Reality Money

If you’re producing a reality TV show and shopping it to production companies/networks, there are two primary issues to start thinking about in terms of the compensation that you are going to get out of the deal.

First, there’s what is often called the “creator’s fee.”  This is usually described in your contract as a percentage of the production budget, usually hovering around 2% for new producers and/or those walking in with a piece of paper (treatment etc.), and goes up from there.  2% of a production budget may not sound significant, but if you get a show on a major network with a star attachment, that can equate to a ridiculously cool fee for a producer.  2% can also be not great, if the production budget is tiny. I often succeed in getting higher percentages for producer clients, but the calculation and negotiation ultimately depends on the stature of the producer, the content of the show, the stage of development of the idea, cast attachments etc. Whatever the percentage is, for your analysis of that revenue source to have any context at all, you have to think one step ahead about the production budget.
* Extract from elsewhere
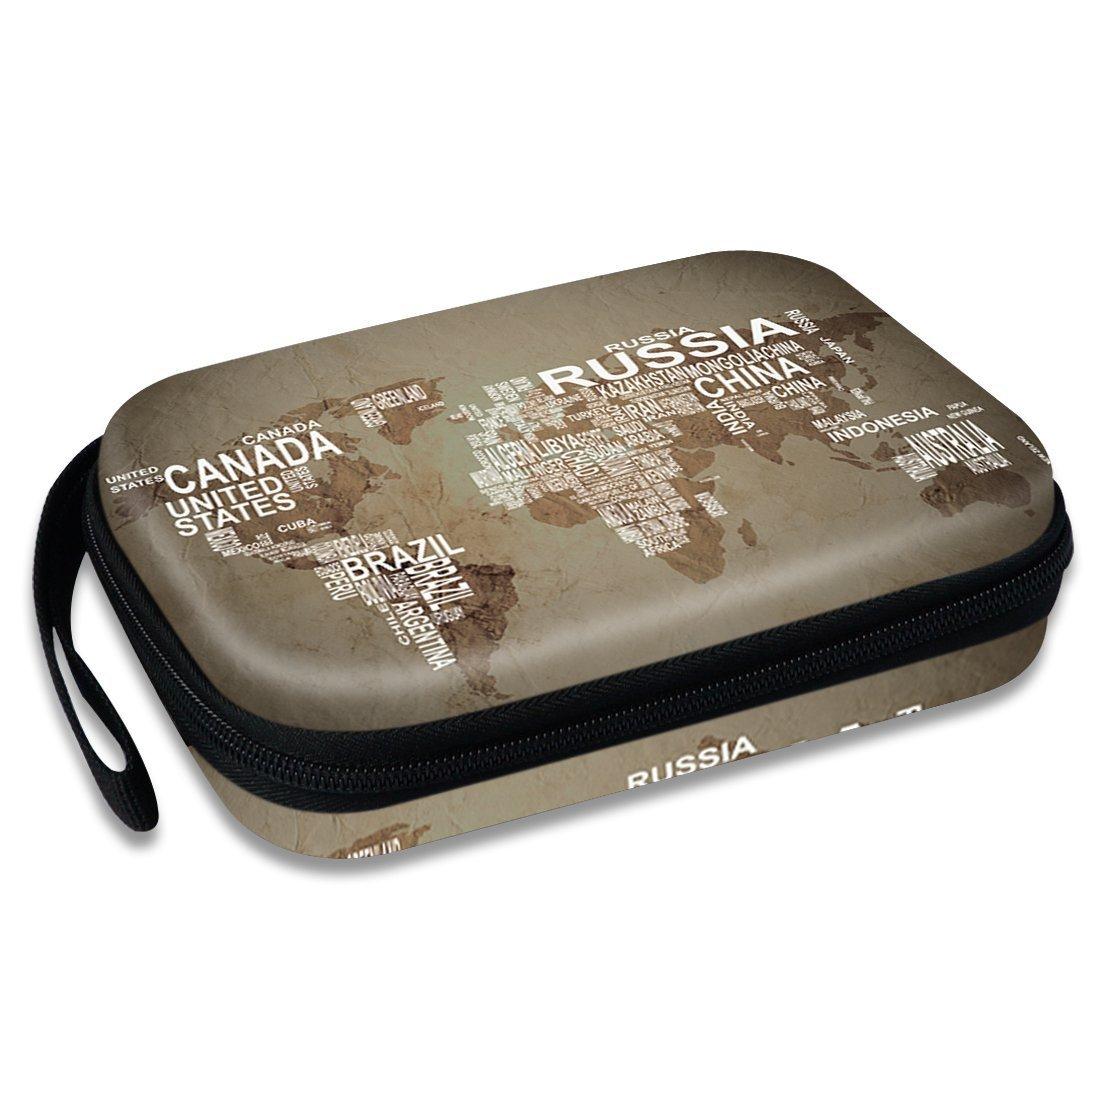 Rand McNally 7-Inch GPS Hard Case 528005197

Source #2 of your producer compensation can be called a number of things in a contract — ancillary revenue, back-end, contingent compensation, net profits etc.  The bottom line is that it’s a percentage of the show revenue, usually hovering around 15-20%ish more or less, depending on your circumstances, and including revenue sources like DVDs, merchandise, funny hats etc. Buyer beware, like all entertainment contracts, the definition of net profits only means what the contract says it means.  The percentage may sound good, it may sound bad, but the reality is that you don’t know know squat about the ancillary revenue source unless and until you can take a look at the contingent compensation definition in the contract.